High CPU Usage During Library Sync
Symptom: CPU spikes to 100% when Bazarr syncs a large library from Sonarr/Radarr.
Fix: This is normal during the initial sync of a large library (5,000+ items). Subsequent syncs are incremental and much lighter. If it persists, increase the sync interval under Settings → Scheduler to reduce frequency. You can also temporarily disable one of Sonarr or Radarr, let the other sync complete, then re-enable.
Resource Requirements
- RAM: 150 MB idle, 300 MB during active subtitle searching
- CPU: Low — brief spikes during library sync and subtitle searches
- Disk: Under 100 MB for application data. Subtitle files themselves are negligible (a few KB each)
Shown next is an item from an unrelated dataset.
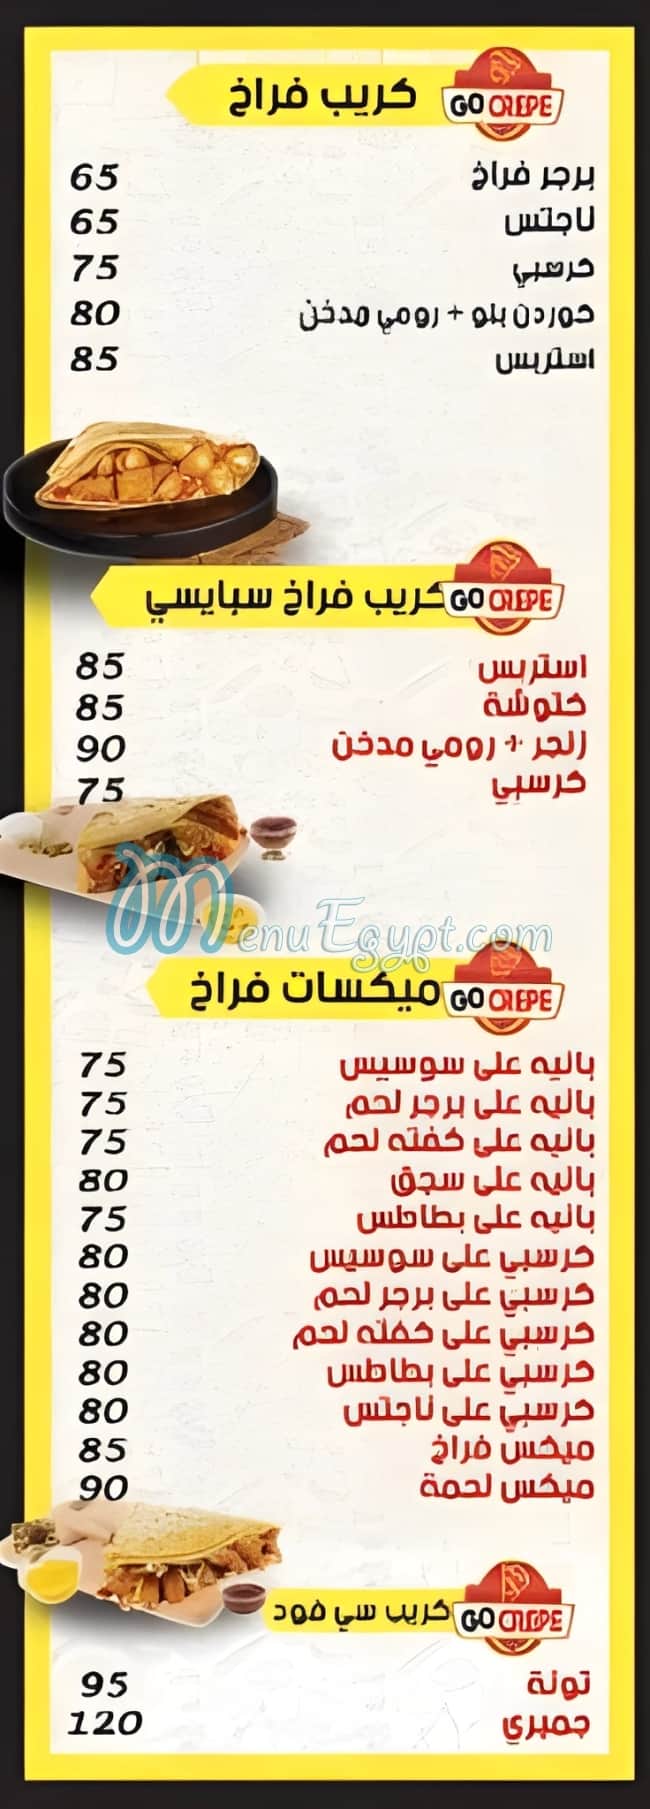 Go crepe menu Egypt 1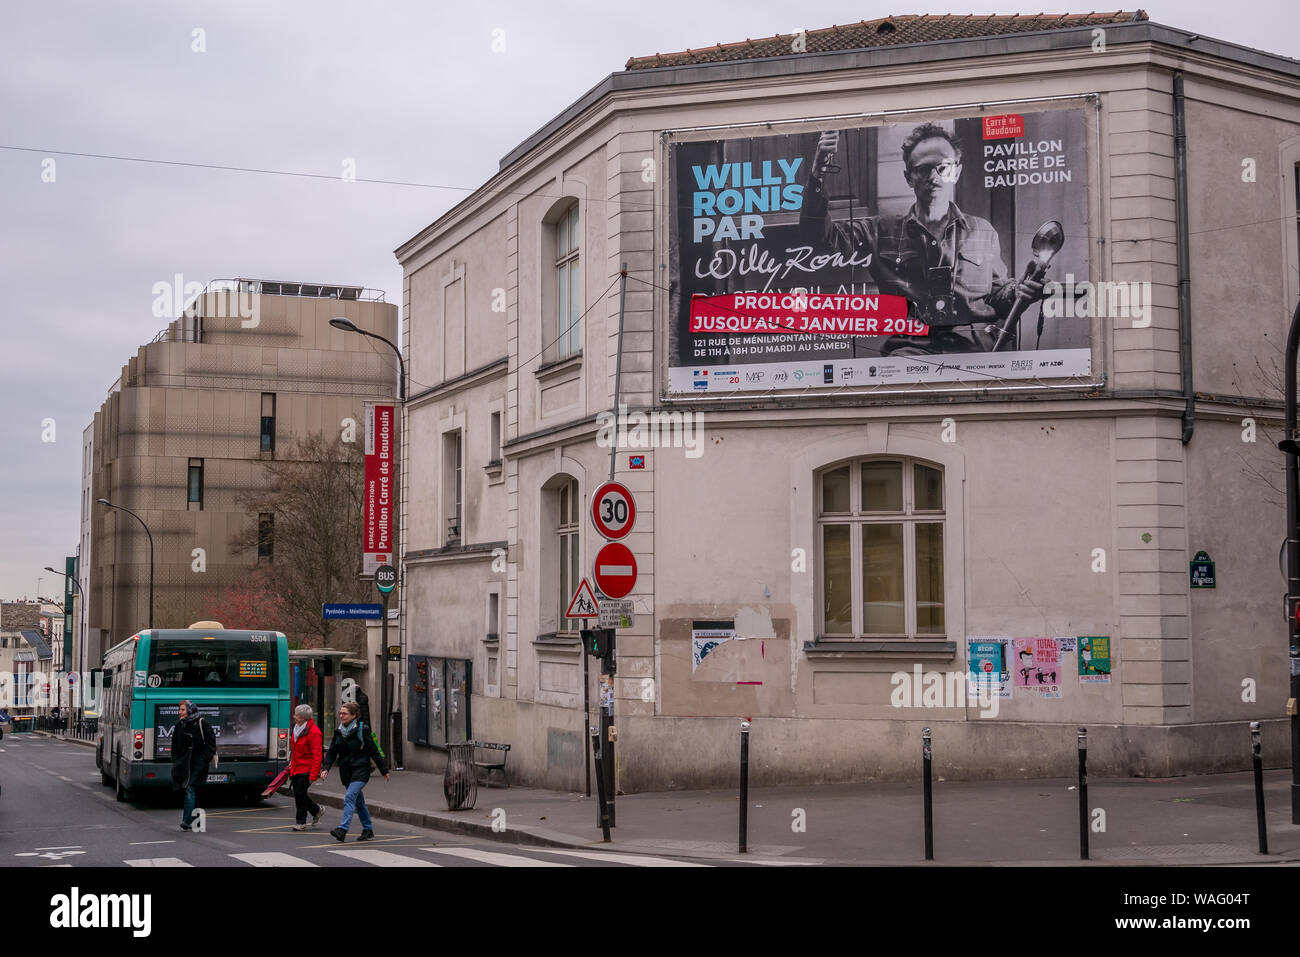 Paris, Frankreich, 15. Januar 2019: Carré de Baudouin Museumsgebäude Szene in Paris mit einem Bus und Personen außerhalb zu Fuß Stockfoto

Bazarr is one of the lightest services in the arr stack. It runs comfortably on a Raspberry Pi 4 or any low-power server.
Verdict
Bazarr is essential if you run Sonarr and Radarr and watch content that benefits from subtitles. Setup takes ten minutes, resource usage is negligible, and it runs silently in the background handling a task that would be tedious to do manually. The only real setup friction is getting media paths to match across your arr stack containers — get that right and Bazarr just works. If you self-host a media stack, add Bazarr. There is no reason not to.